I’ve never feared missing something.
Or someone so much until.
I felt that I lost them.
Watch me light her up.
Put the torch to it.
Warm it up pass the burn.
Have it close to me.
And when I breath I make it, me.
Within me it creates clouds.
Those that people say yuck to.
Those of which I enjoy.
Because in the exhale it takes it all.
The stress and anxiety.
Nothing better than this smoke.
There is - No way!
This is destined to be this way.
To look at it differently is to lose reality.
For this is what’s already here.
And thinking of what it was or could be.
Is a thought on the mind of a person with fear.
Take it for the solidness that it holds.
For your thoughts are hallow wishing to be known.

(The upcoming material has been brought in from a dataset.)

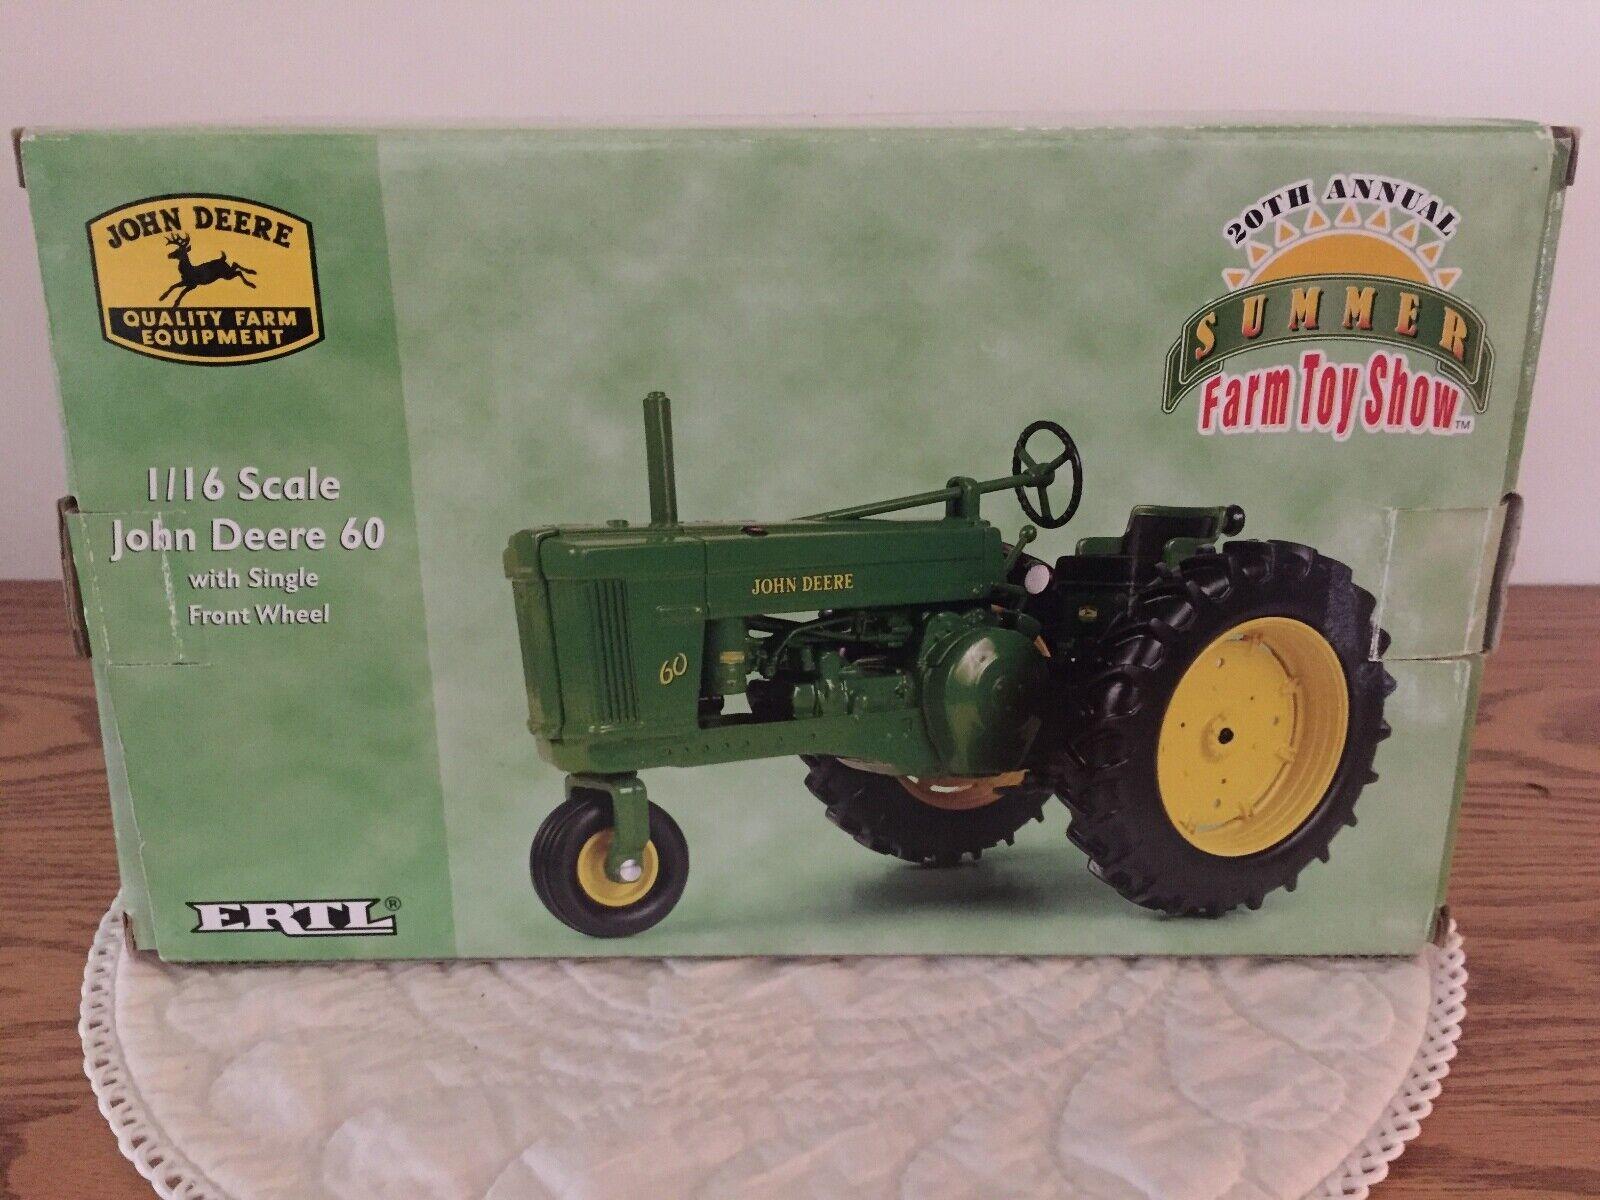 John Deere 60 Trattore 20th annuale estiva Fattoria giocattolo mostrare IN SCALA 116 NUOVO in scatola da ERTL

And only you will feed it your time.
Who knows them, but you.
This is what it’s supposed to be.
Deal with this first and never what you wanted it to be.

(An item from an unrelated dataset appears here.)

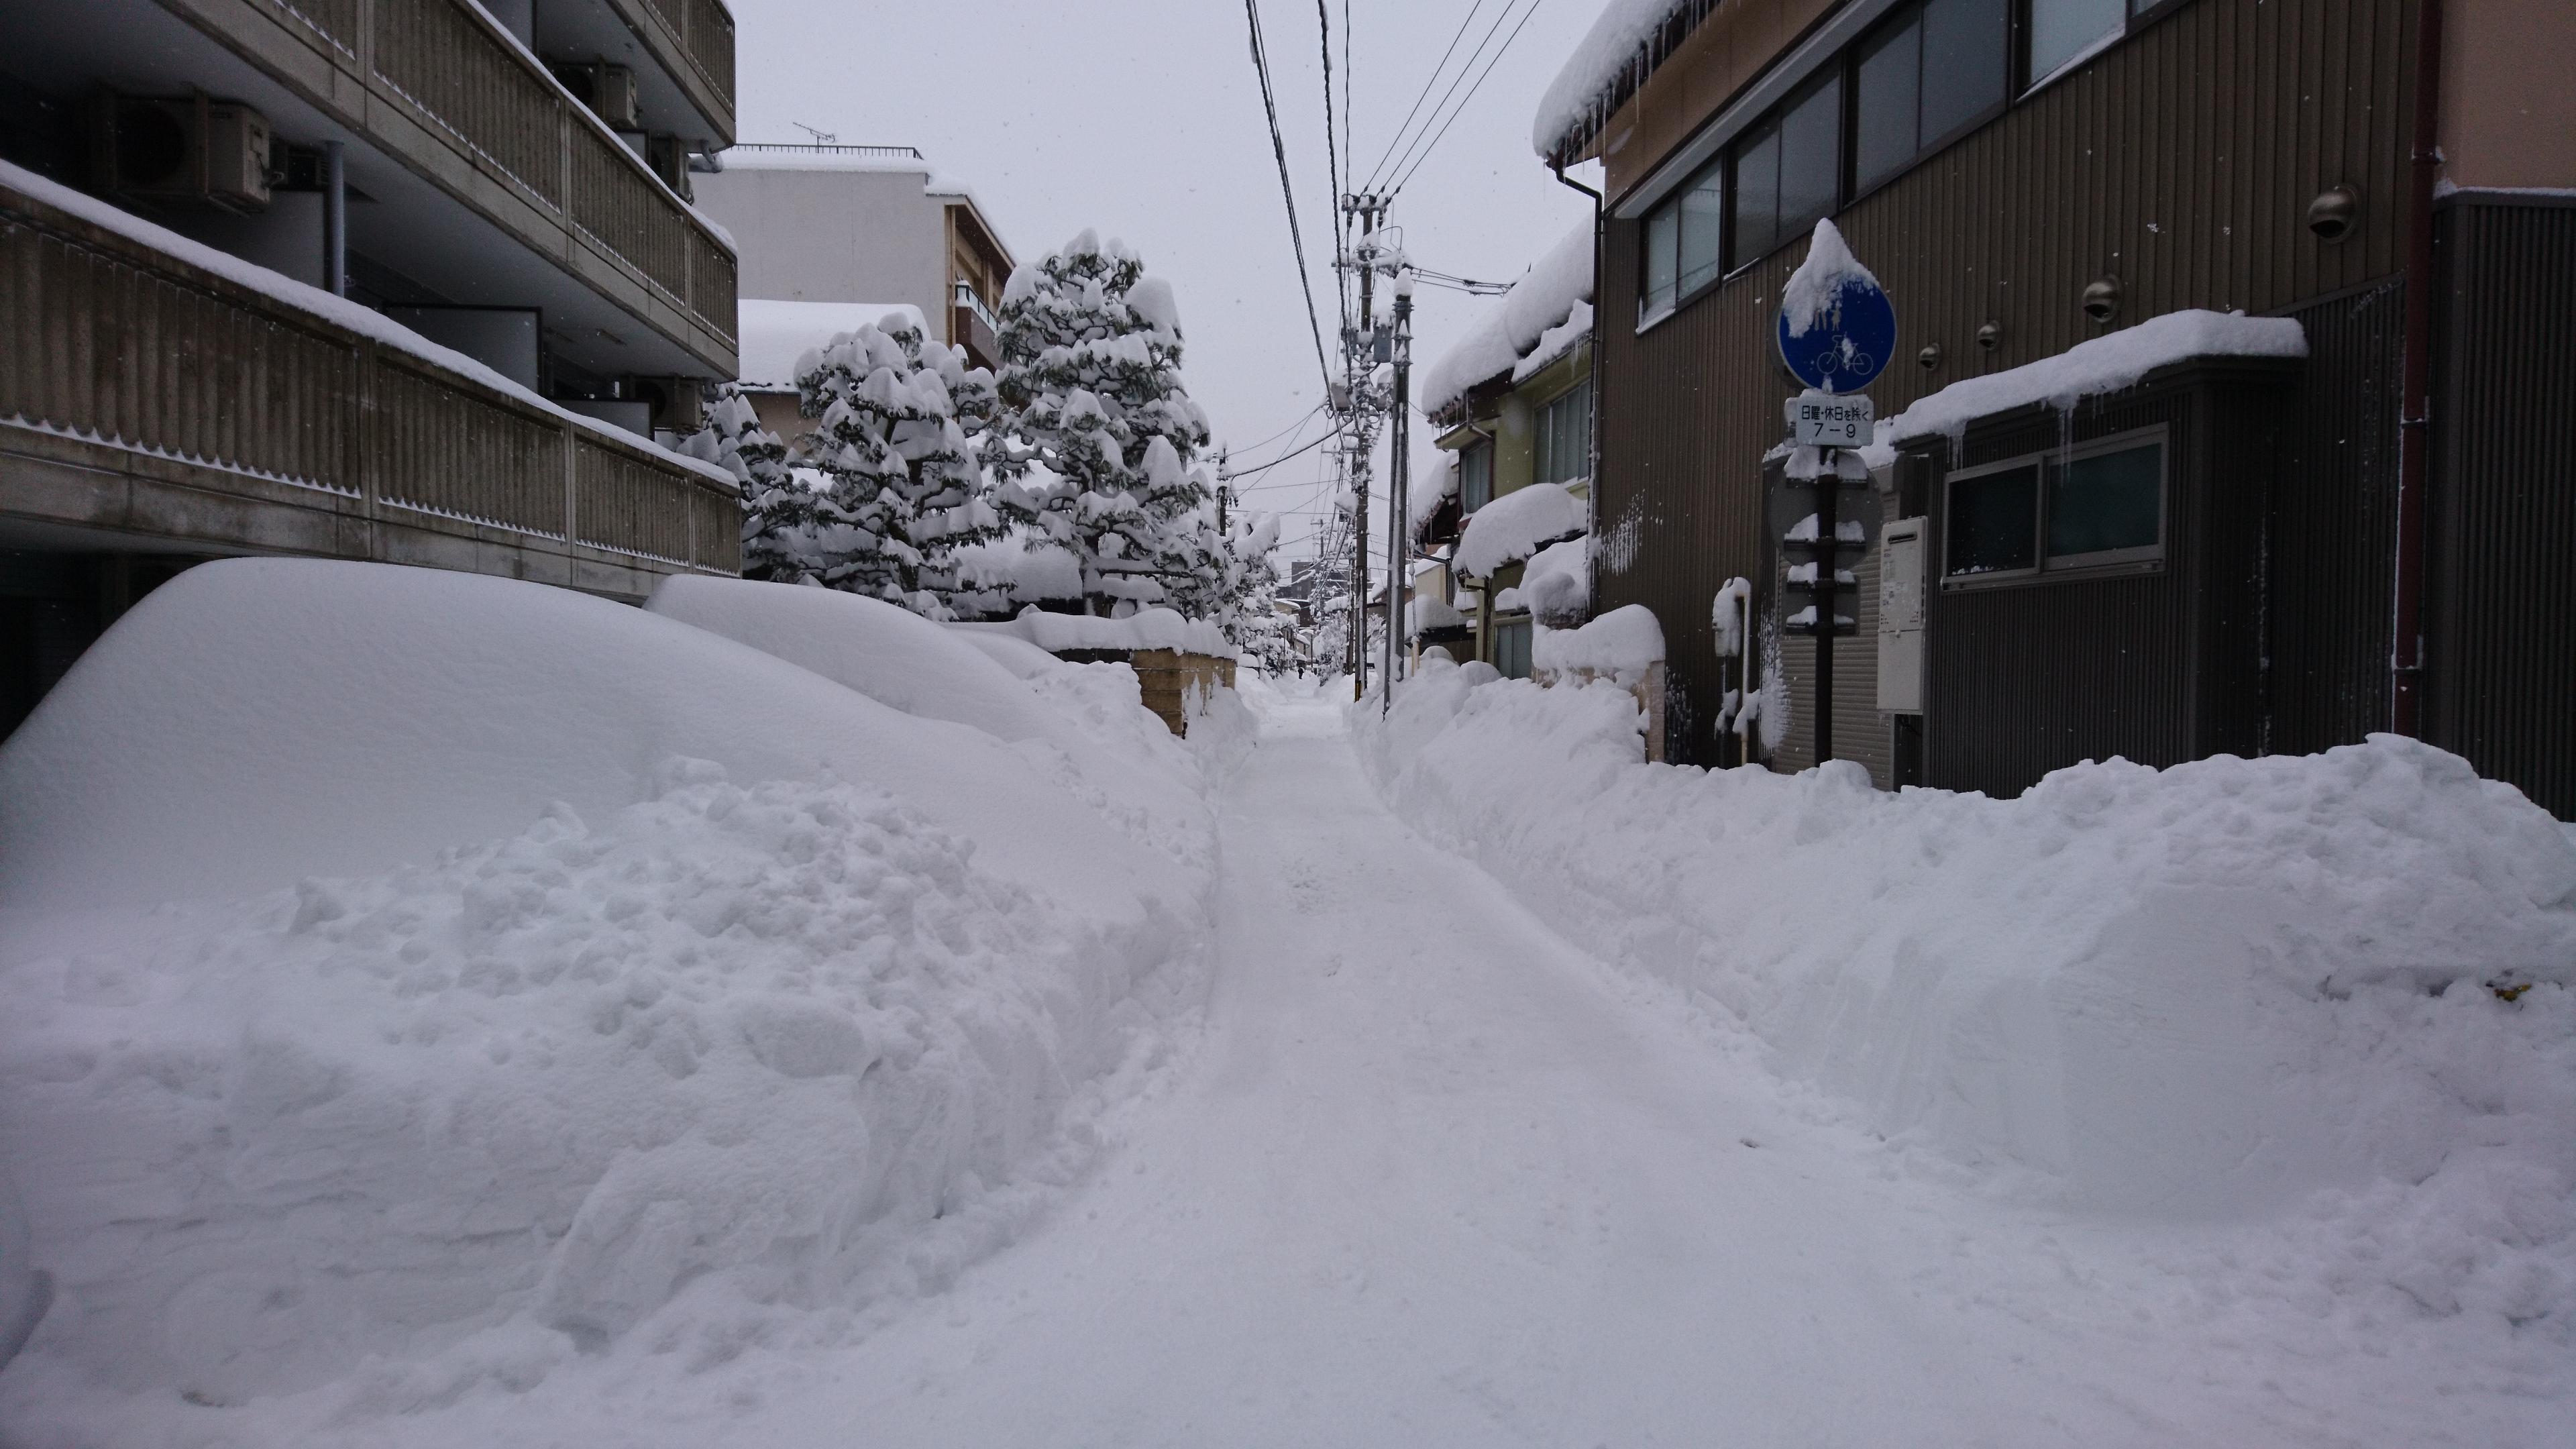 金沢,雪,豪雪,長町,冬

Nothing stands still and ever so slightly everything moves.
Hair super messy.
As if the wind has been waving.
Though she’s in the room - not outside.
She’s panting with exhaustion.
Definitely, she’s been working hard.
She’s definitely excited.
Though happiness doesn’t seem to be it.
The wind is not there for the hair.
The air is not there for the hugs.
The panting is not from sitting.
She’s been fighting.
Against the suctions of my mind.
Trying to bring me back.
There are many a ways
To get somewhere
But the somewhere
Is always the same.
All of it spilled over
Nothing remained for the toast
I never made it there to toast
I lied all the way there
Never got over
I was still stuck back there
This moment here
Of me still back there.
The sun so bright.
Yet the darkness is so deep.
There is no shine.
Everything is a dark pit.
Drowning out all light.
Even though the sun is so bright.
A yellow dot in a dark sky.
There is really no light.
The darkness outshines the light.
In the same place.
Where it once stood.
There it was again.
The dark shadowy blur.
It was still there and never left.
It has waited patiently.
Now I am back here again.
It knew that I would return.
I am only able to go as far.
I need to know.
What it feels like?
What it is that I feel like?
What it is that you make me feel like?
What it is that the situations make me feel like?
What drowning feels like?
Wanting to scream and water fills your lungs.
Wanting to cry but the water washes the tears away.
Wanting to express something in anyway.
But the water, and the drowning only allows for panics.
It doesn’t express any other emotions.
Drowning is the equivalent of my anxiety.
For I will drown and die first before I can express where my mind and emotions are.
And you will only see my panic.
To the me that still worries,
There is no need for the pressure,
Or the self inflicted pain.
The only person feeling it is you –
Cry all the rivers that flow within you.
Let it all out.
Fill the dried river with all your tears.